I enjoyed reading your report, and the photos are very good also. Thanks for a good read!


----------



## Dakota 400 (Jan 17, 2021)

desertflyer said:


> Being stuck at home this MLK Jr weekend, I decided to write up what we were doing this time last year. A long weekend in Denver, Glenwood Springs, and of course the California Zephyr back to the Bay Area.
> 
> You can read my report here: Amtrak’s California Zephyr: Denver to Glenwood Springs to San Francisco – Parker's Travel Log
> 
> ...



The first January after I retired, I took the Zephyr to San Francisco, then after a few days in San Francisco, rode the Coast Starlight to Seattle. After a few days there, the EB to Chicago connecting to the Cardinal to Cincinnati. The Winter scenery is simply beautiful! Your report and photos brought back excellent memories. Thanks for posting your report!


----------



## PaTrainFan (Jan 22, 2021)

Been through there a few times by train, all during the summer months, including once during the middle of the night courtesy of a long delay due to a derailment. Making a winter trip with a stop in Glenwood Springs is on the bucket list. Thank you for helping me experience it vicariously.


----------



## Cal (Mar 12, 2021)

I just read it, and really enjoyed it! Looks like a wonderful vacation, and now I really want to go on the Zephyr. It's the last western route I gotta go on. 
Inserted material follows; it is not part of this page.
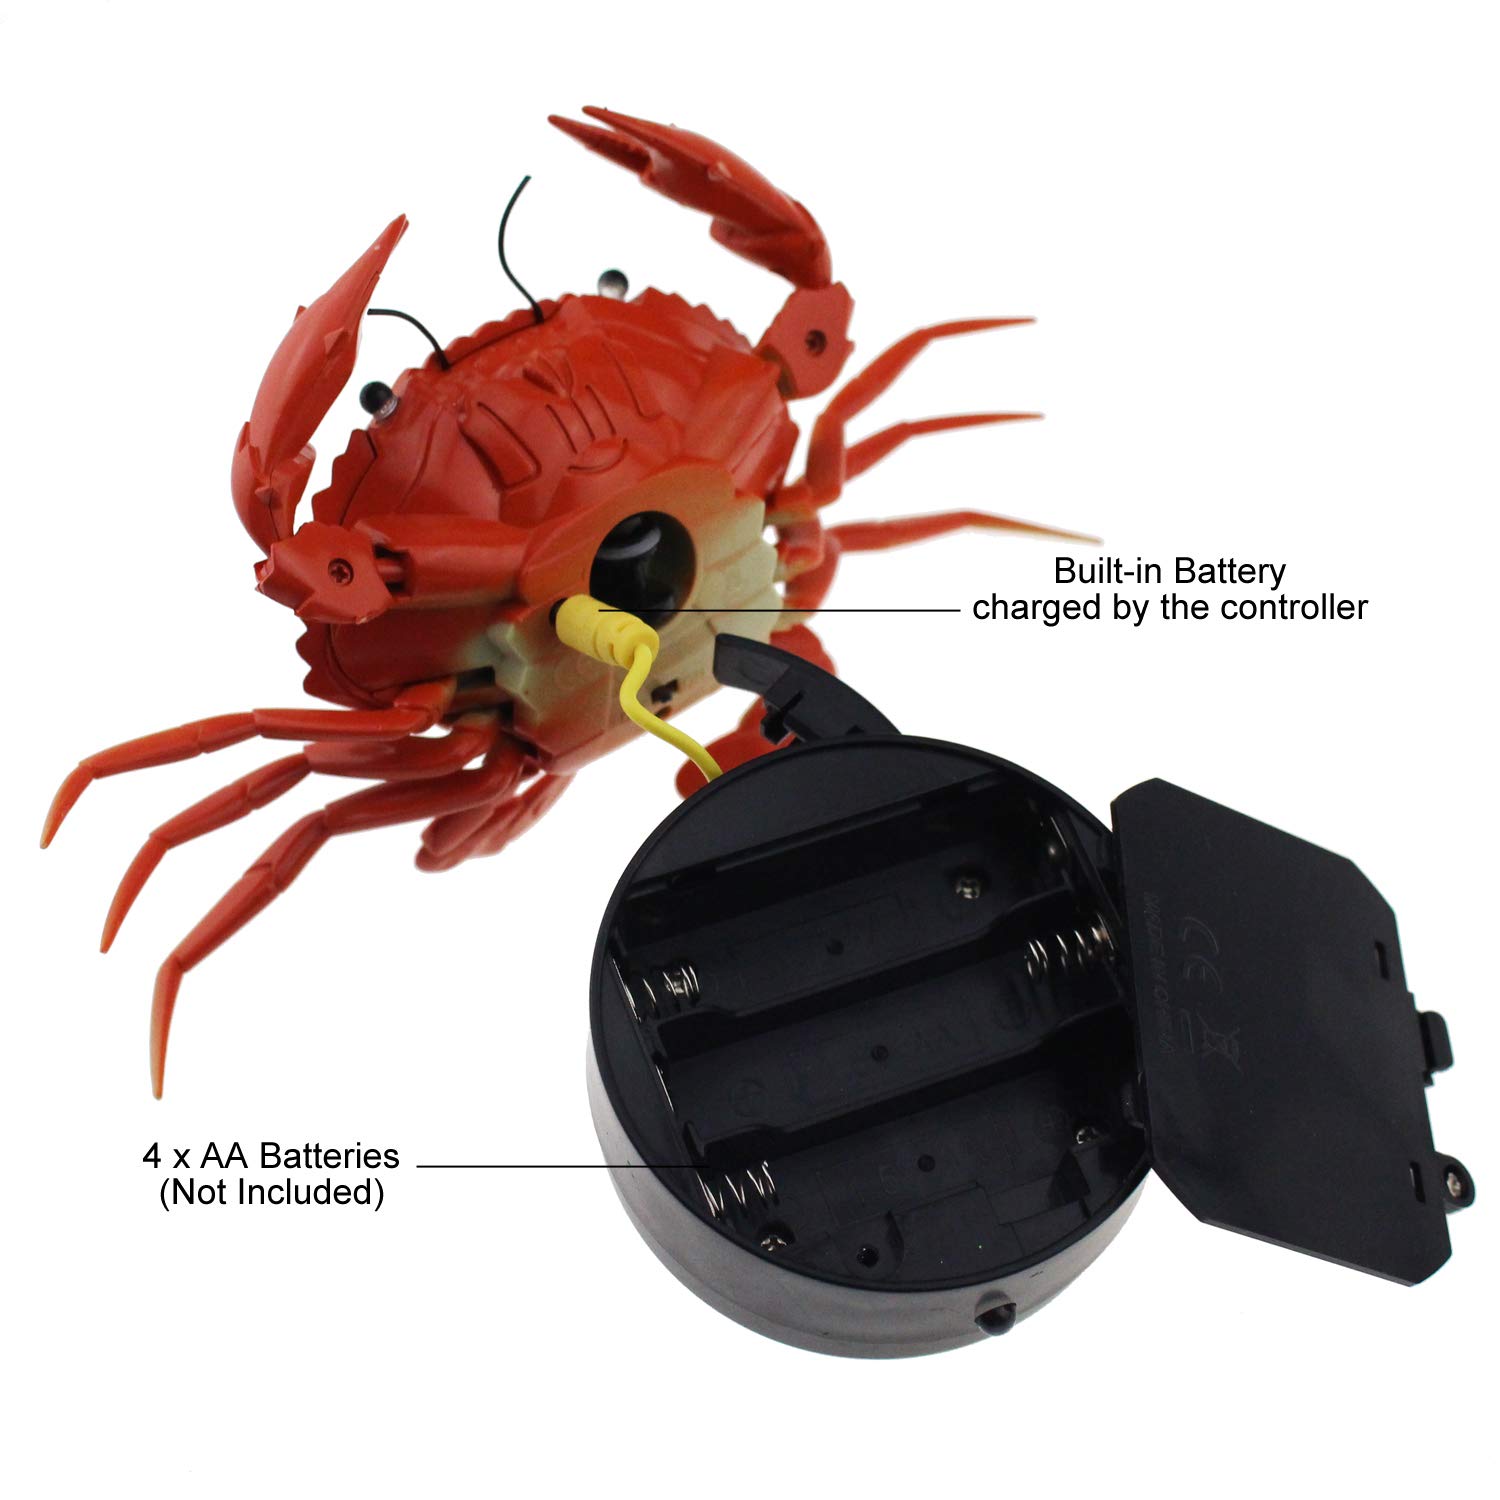 Tipmant RC Crab Animal Toy Remote Control Car Vehicle Electronic Fake Insect for Kids Birthday Gift Christmas Halloween (Red)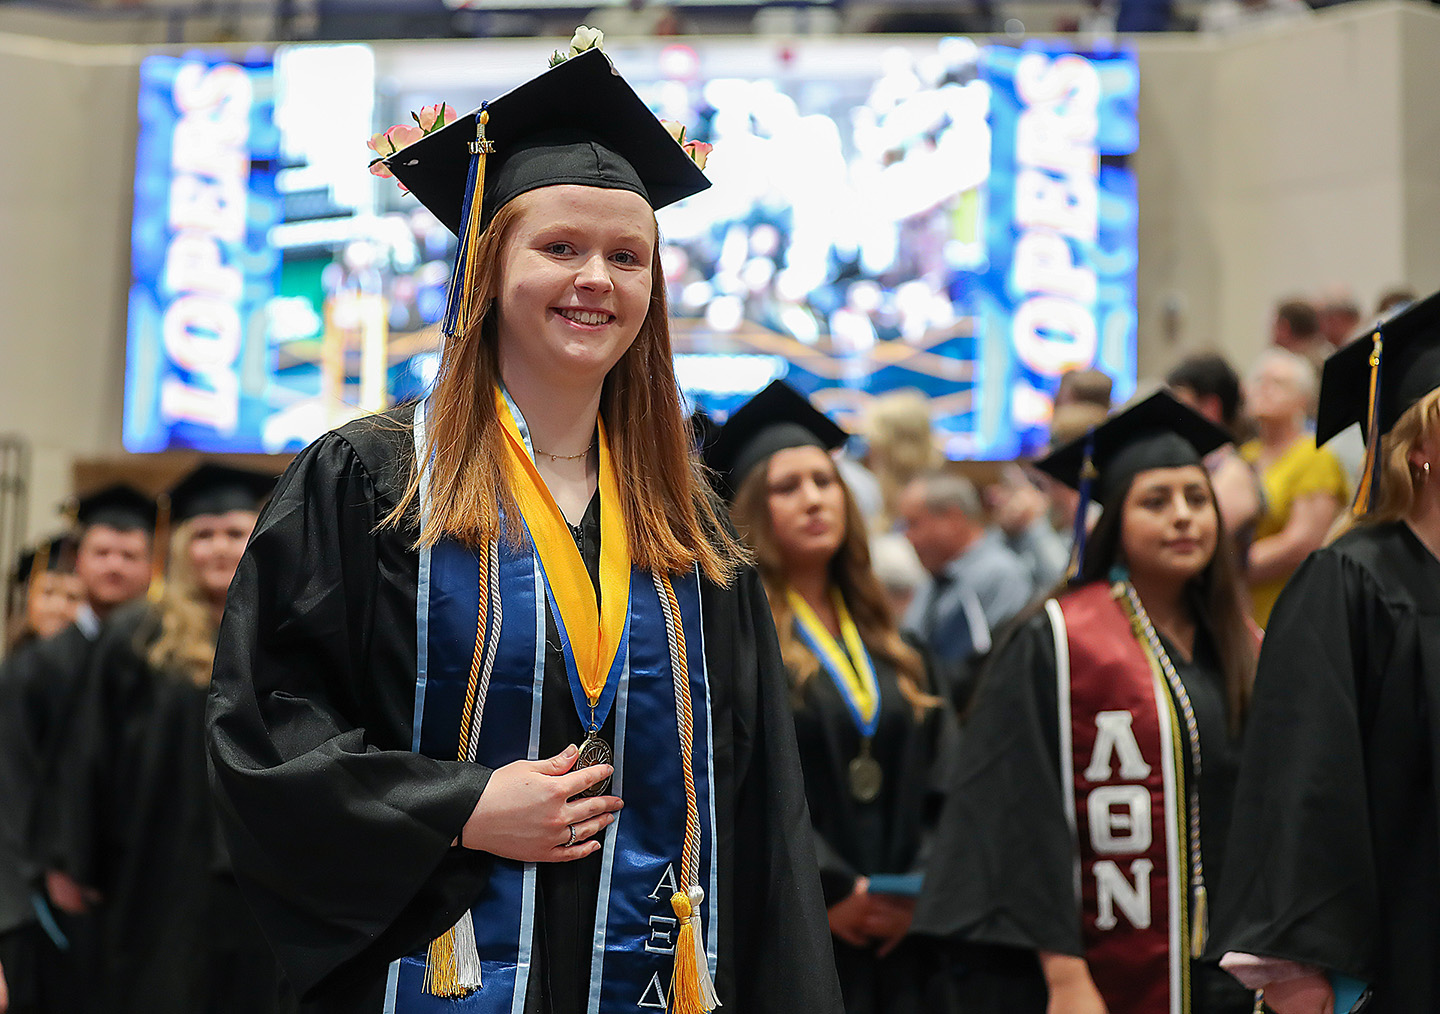 Jacque Platt graduated from UNK in May with a bachelor’s degree in psychology. She’s pursuing a master’s degree in public health administration and policy at the University of Nebraska Medical Center in Omaha.

I didn't know you saw so much desert on train #5! On the Zephyr, you truly get everything; farms, mountains, deserts, and a tiny bit of the bay.


----------



## Bob Dylan (Mar 12, 2021)

Cal said:


> I just read it, and really enjoyed it! Looks like a wonderful vacation, and now I really want to go on the Zephyr. It's the last western route I gotta go on.
> 
> I didn't know you saw so much desert on train #5! On the Zephyr, you truly get everything; farms, mountains, deserts, and a tiny bit of the bay.


Most of the Desert on #5 and #6 is @ night with #6 having more of the Nevada desert in daylight, and the Corn and Soybean Farms of Iowa and Illinois are in daylight on #6 also.

I prefer #6 from Eneryville to Reno, # 5 from Denver to the Utah border and Reno to Eneryville .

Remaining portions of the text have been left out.